Pre-release of water

“The first thing that can be done, and should be done without delay, is to amend the operating rules for Warragamba Dam to not just allow but require calibrated pre-release of water when the dam is full and the Bureau of Meteorology forecasts substantial rain. Controlled releases of water in the days before a rain event can reduce the dam level, enabling some more of the flood rain to be held back and reducing the peak of the flood.

“Previous studies have shown that this measure would provide only a small reduction in flood height, maybe 20 or 30cm, but nevertheless it is a reduction which is possible and which should be seized. It is something which can be done by the state government right now.

“I have written to the Premier urging that this change be implemented as soon as possible.

Raise the wall of Warragamba Dam

“The options for providing flood mitigation in the valley have been studied, assessed and analysed many times and the best option identified each time has been the raising of the wall of Warragamba Dam. It’s time to get it done.

“Investigations after the 2021 flood showed that this measure could have reduced the peak by about 3 metres.

“Governments should give priority to protecting people’s lives and homes. The dam raising project must proceed as quickly as possible.

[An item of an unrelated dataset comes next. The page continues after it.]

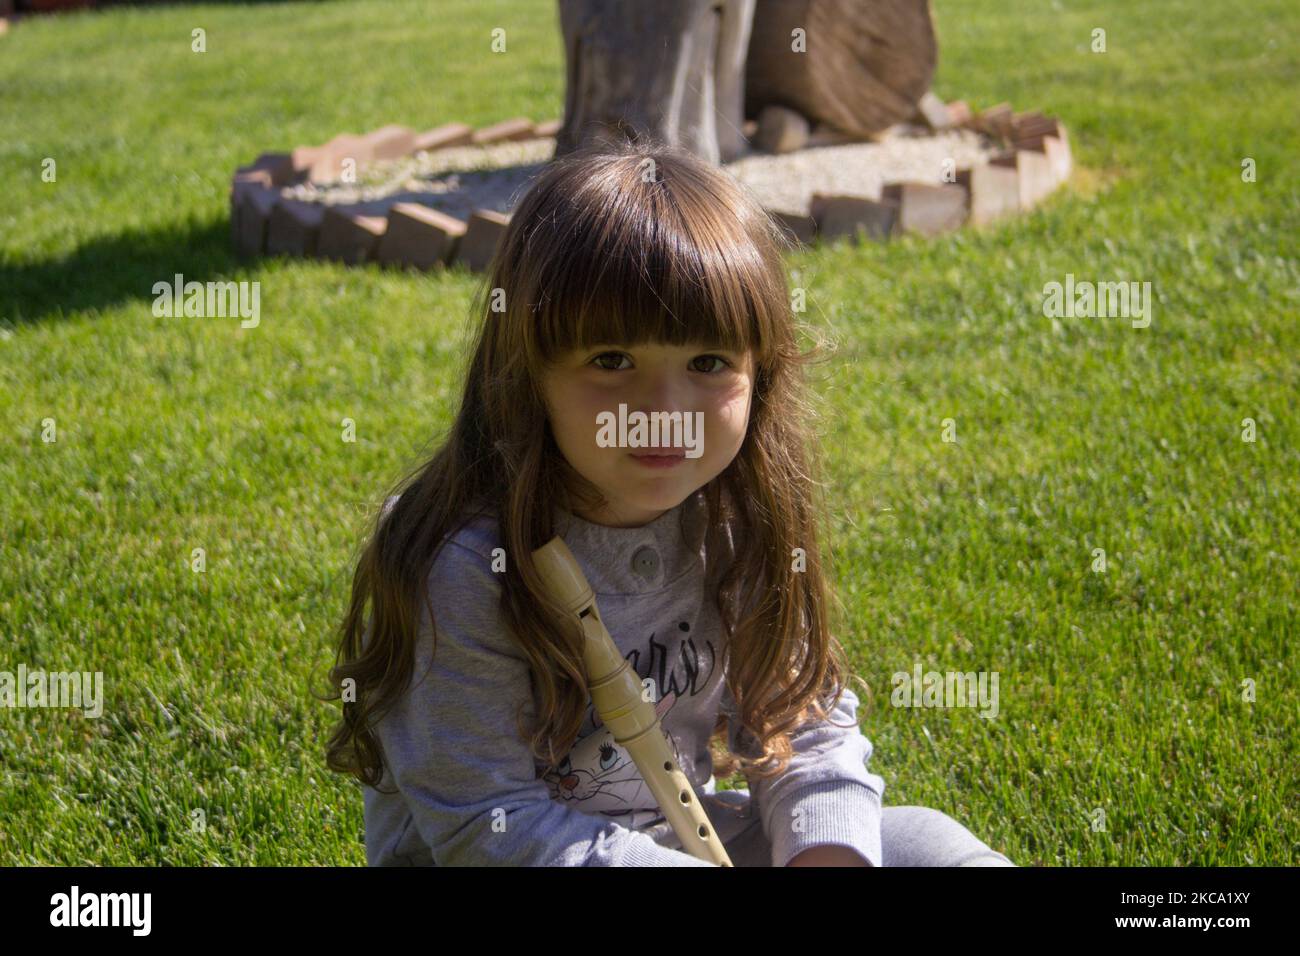 Immagine di un'adorabile bambina sorridente che posa seduta su un prato che tiene un flauto. Giochi educativi per bambini per giocare all'aperto Foto Stock

Harness the market to undo past bad planning

“There are many thousands of homes in the Hawkesbury Nepean Valley at levels which would not be allowed today. The land was developed in the distant past before the planning schemes of the 1960s. The owners can’t afford to move unless someone buys their property. Governments will never be able to afford to buy them all back. But if the private sector had a financial incentive to buy these properties and hand them over to the government in return for the right to develop new dwellings on high, flood-free ground then the problem could be addressed over time.

“Starting with the lowest, most at-risk properties first, we should allow the private sector to buy the right to build extra dwellings on high ground in return for removing low, at-risk dwellings from the market.

“This would save the taxpayer millions of dollars over the years, as well as spare thousands of people the heartbreak of seeing their homes and possessions destroyed.

“I urge the NSW Government to move on all three of these proposals and urge the Commonwealth Government to assist where it has approval responsibilities.

“The people of the Riverstone area and of the wider Hawkesbury-Nepean Valley deserve action from governments where practical options are available.

“We can never prevent floods, but we can be better prepared to deal with them,” said Mr Conolly.